- _Exercise materials_
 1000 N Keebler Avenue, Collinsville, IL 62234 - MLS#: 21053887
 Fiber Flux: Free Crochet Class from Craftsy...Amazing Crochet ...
---
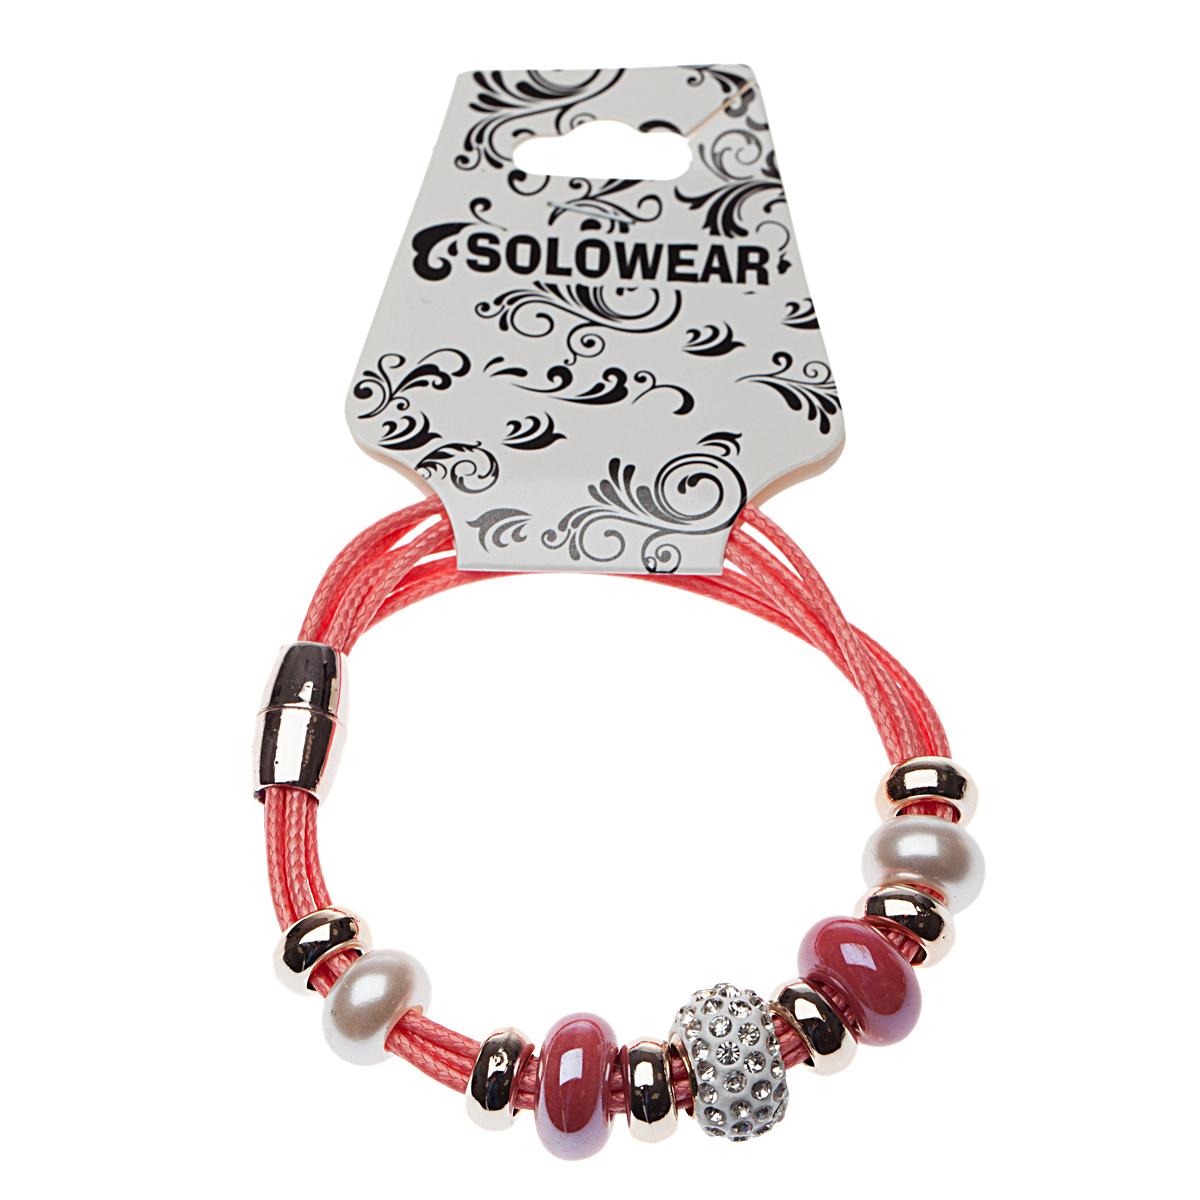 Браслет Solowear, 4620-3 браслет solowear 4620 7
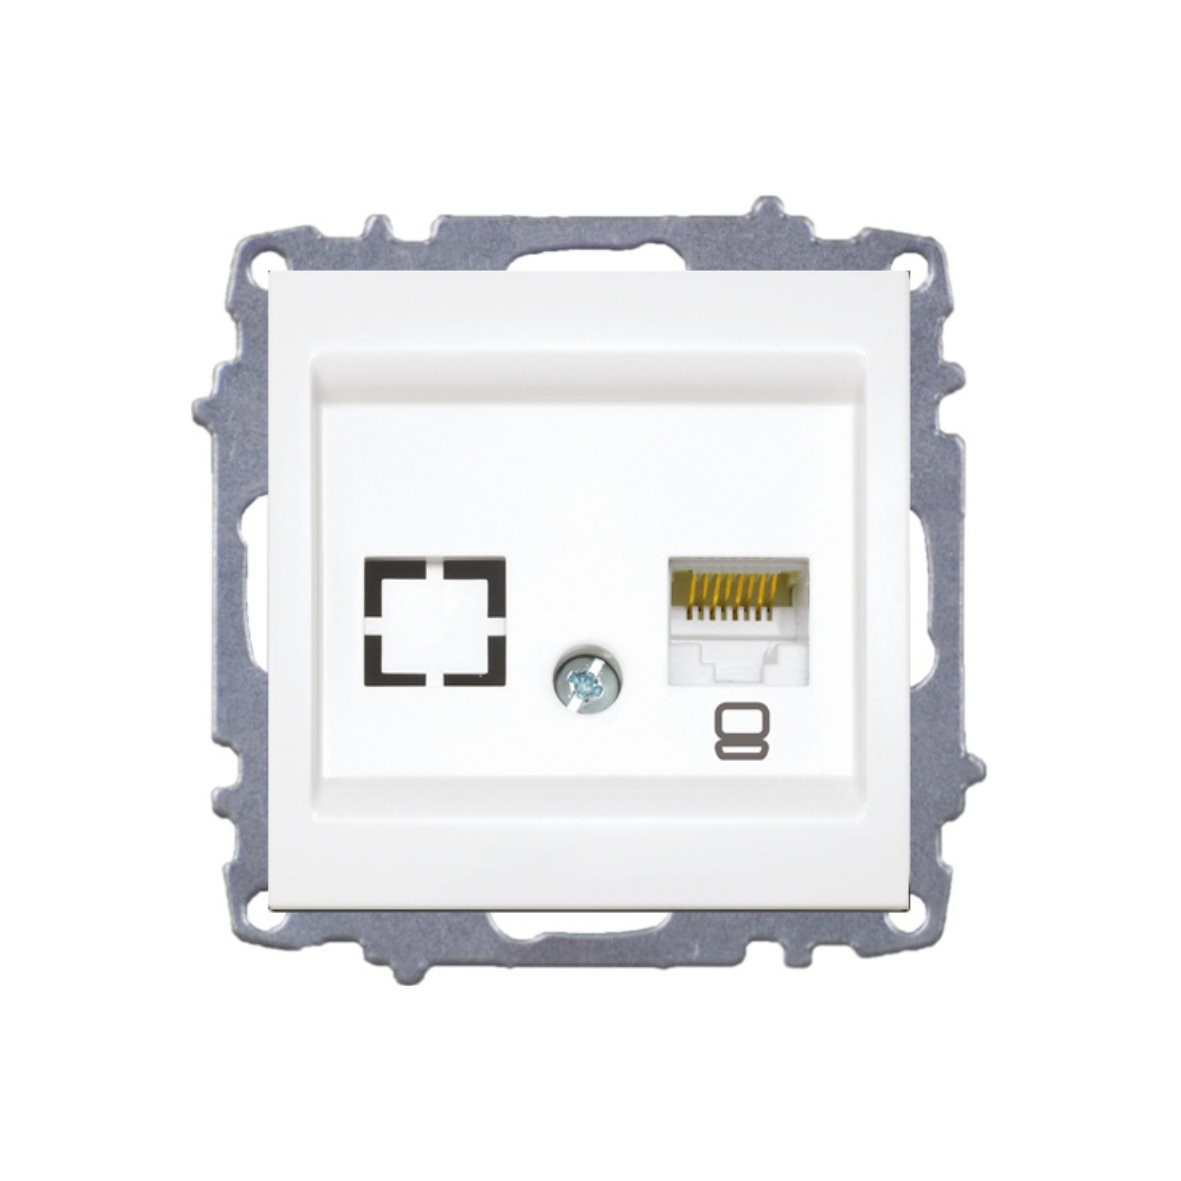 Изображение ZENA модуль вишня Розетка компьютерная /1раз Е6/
--
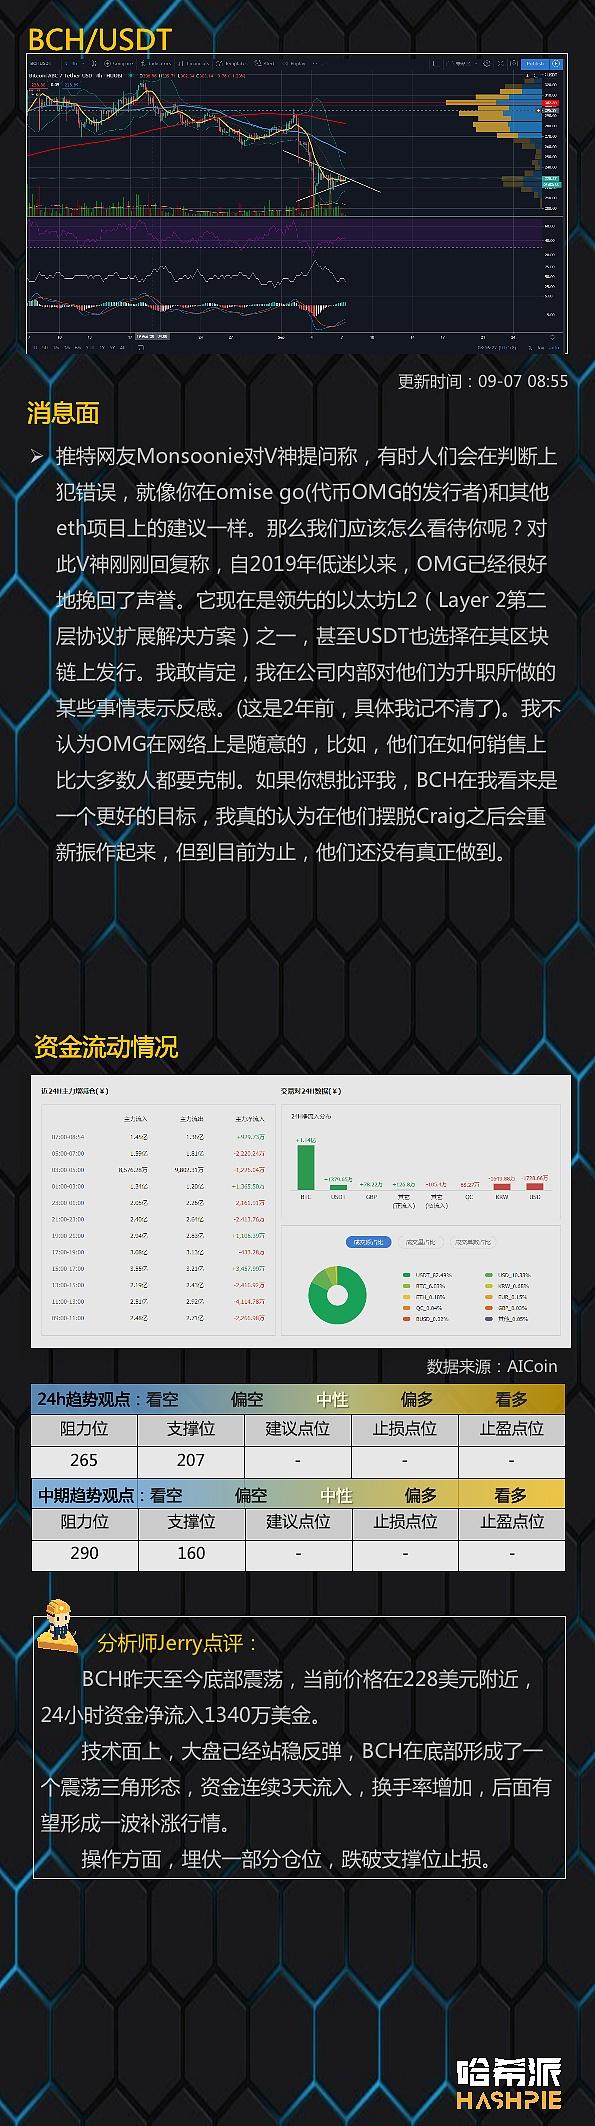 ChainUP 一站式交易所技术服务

- _Problem description_
Everything in the material above from the line that has "1000 N Keebler" through the line that has "Fiber Flux: Free" must be duplicated exactly, with no other lines given.

- _Your solution_
 1000 N Keebler Avenue, Collinsville, IL 62234 - MLS#: 21053887
 Fiber Flux: Free Crochet Class from Craftsy...Amazing Crochet ...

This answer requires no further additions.